Farklı bir Cumhurbaşkanı olmak böyle olur. Bunu başında söyledim, bu yola girdiğim zaman söyledim. ‘Farklı bir Cumhurbaşkanı olacağım, alışılmış değil, statükocu değil.” Ya? “Bu statükoları ayaklarının altına alan bir Cumhurbaşkanı olacağım” dedim. Ve şu anda bölücü terör örgütlerinin karşısında en önce şahsımın dikilmesi gerekir. Çünkü 77 milyon halkımın sorumluluğu var üzerimde ve bu sorumluluğun bilincinde olan iktidarın da tabii ki yanında olacağım. Bundan daha doğal, tabii ne olur?

El ele vereceğiz, tüm kurumlarımızla beraber inşallah bu işi çözeceğiz, er veya geç çözeceğiz, hiç endişeniz olmasın. Hiç endişeniz olmasın.

Kardeşlerim,

Bir süreçtir, 12 yıl devam etti ve bugünlere geldik. Yaptıklarımız, yapmakta olduklarımız hepsi belli. Türkiye neredeydi nerelere geldi. Yeterli mi? Değil. 2023 hedeflerimiz var. Bu hedeflere de ulaşacağız ve Türkiye inşallah 2023’te çok farklı bir konumda olacak.
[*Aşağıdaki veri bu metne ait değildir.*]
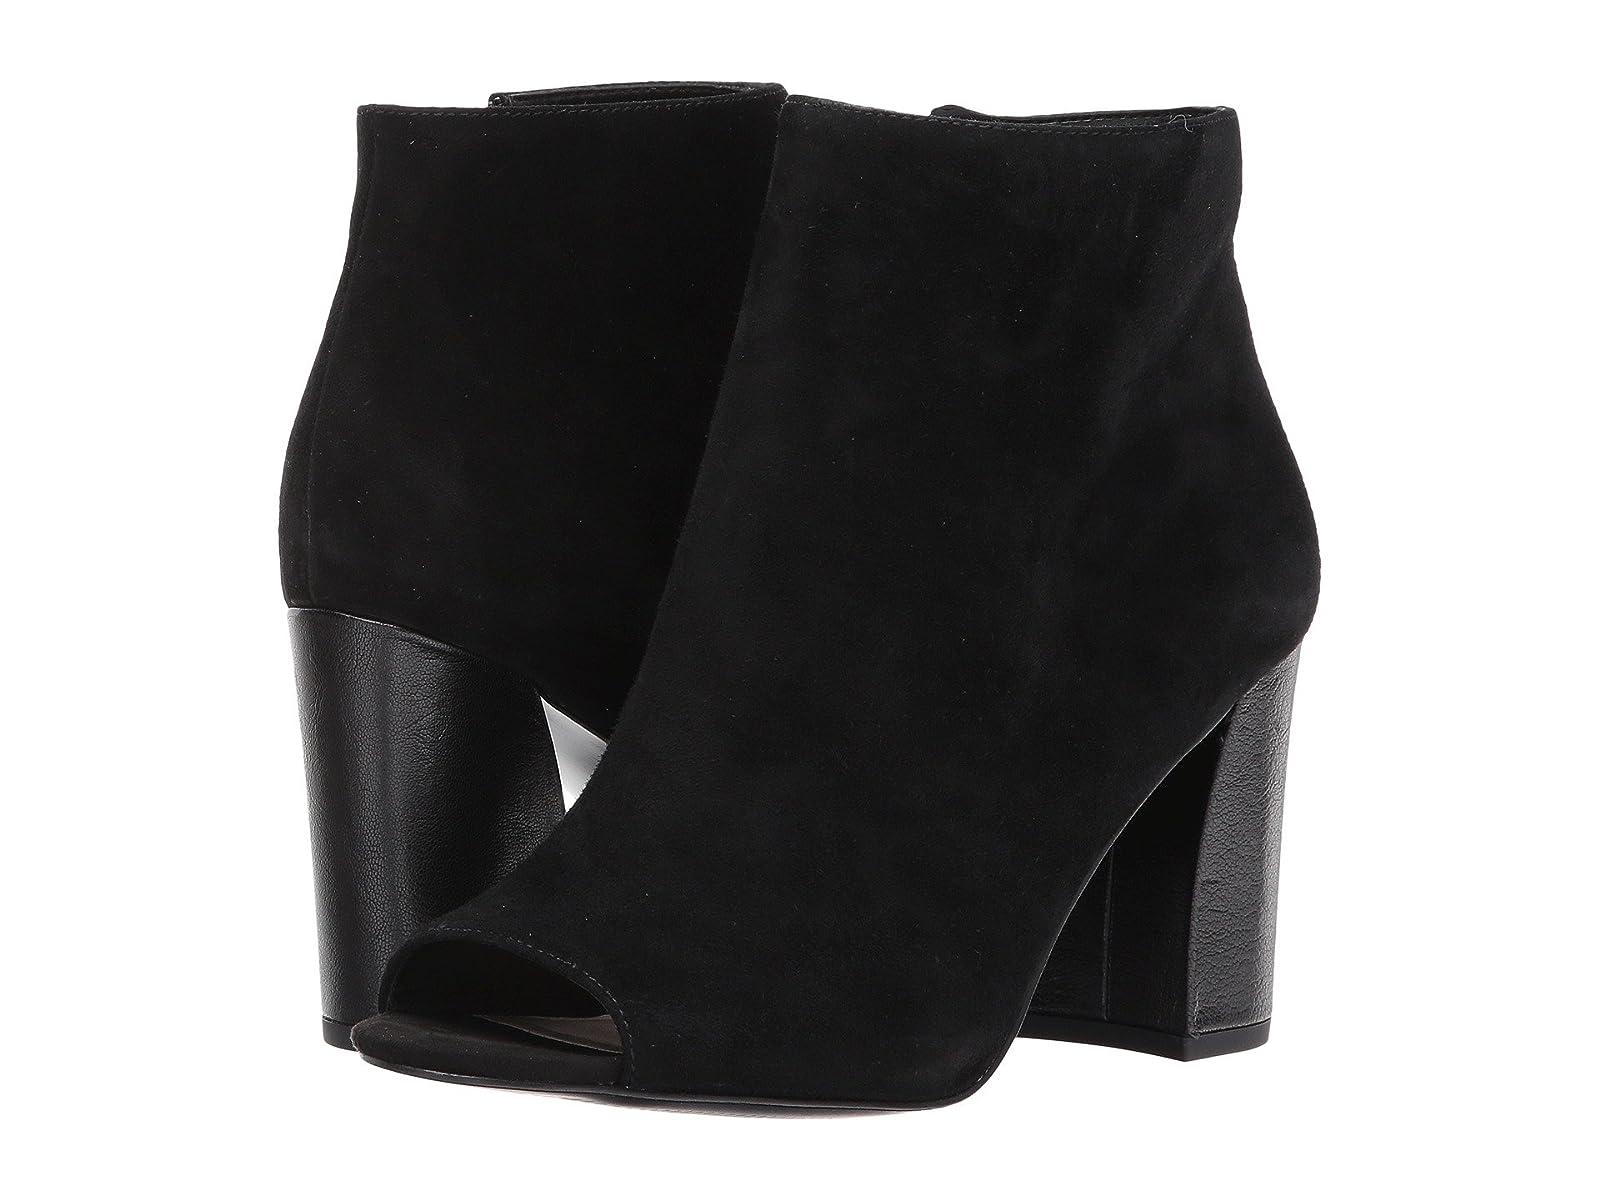 Nine West HaywoodCheap and distinctive eye-catching shoes

İnşallah kişi başına milli gelirin 25 bin Dolar olduğu günleri göreceğiz. İşte, 3 bin 500 Dolardan başladık, şu anda 10 bin 500 Dolardayız. 11 senede buraya geldik. İnşallah önümüzdeki 9 yılda bunu Allah'ın izniyle 25 bine çıkaracağız. Hep beraber bunları yapacağız, el ele vererek yapacağız. Bir olacağız, iri olacağız, diri olacağız, kardeş olacağız, hep birlikte Türkiye olacağız ve bunu inanıyorum bunları gerçekleştireceğiz.

Kardeşlerim,

Sizlere inanıyorum ve bizim millet bilincimizi kimse bozamayacak. Bizim bayrak sevdamızı kimse engelleyemeyecek. Bizim vatan bilincimizi kimse gölgeleyemeyecek. Bizim devlet anlayışımızı kimse gölgeleyemeyecek. Onun için biz ne diyoruz? Gençler… “Tek millet, tek bayrak, tek vatan, tek devlet”. Bunu biliyorsunuz değil mi? Bu işareti hatırladınız değil mi? Unutmayın, Esmaları unutmayın. Esmaları da biliyorsunuz değil mi? Onlar otokratik rejimlerin egemenliğinde, otokratik rejimlerin, ne yazık ki, şehit ettiği kızlarımızdı Esmalar. Biz bu bilinçle, bu anlayışla yarınlara yürüyoruz. Elhamdülillah, bizim Esmalarımız çok.

Benim, bütün bu olanlardan sonra size bir de ayrıca şükran borcum var. Cumhurbaşkanlığı seçiminde tabii Kendirli belde olarak yüzde 96 gibi bir oy verdi. Onun için Kendirli’nin tüm sakinlerine, tüm kardeşlerime hamdolsun ben de bu teşekkürümü istedim ki, ilk defa bir beldeyi ziyaret ederek, bir Cumhurbaşkanı olarak buradan başlatayım. Sizlere şükranlarımı ifade ediyorum, teşekkür ediyorum. Rabbim, yar ve yardımcımız olsun diyorum. Dualarınızı eksik etmeyin. Biliyorsunuz dua çok önemli ve çok dualar alıyoruz, bunun farkındayım. Ve sizler çok daha farklısınız, bunun da farkındayım. Onun için Pensilvanya’nın bedduaları tutmadı, geri tepti. İnşallah bu hareket, bu dava yükseldikçe, onlar da inanıyorum ki, bunun cevabını en güzel şekilde alacaklardır.

Ben bu dua ile bu temenni ile siz değerli Kendirli sakini kardeşlerime tekrar kalbi şükranlarımı sunuyorum. Diyorum ki, “Uzun ince bir yoldayız, gidiyoruz gündüz gece”. Gideceğiz gündüz gece inşallah, yılmadan usanmadan gideceğiz. Durmak yok yola devam.

Hepinizi kalbi duygularla selamlıyorum, Allah’a emanet ediyorum. Rabbim yar ve yardımcımız olsun inşallah.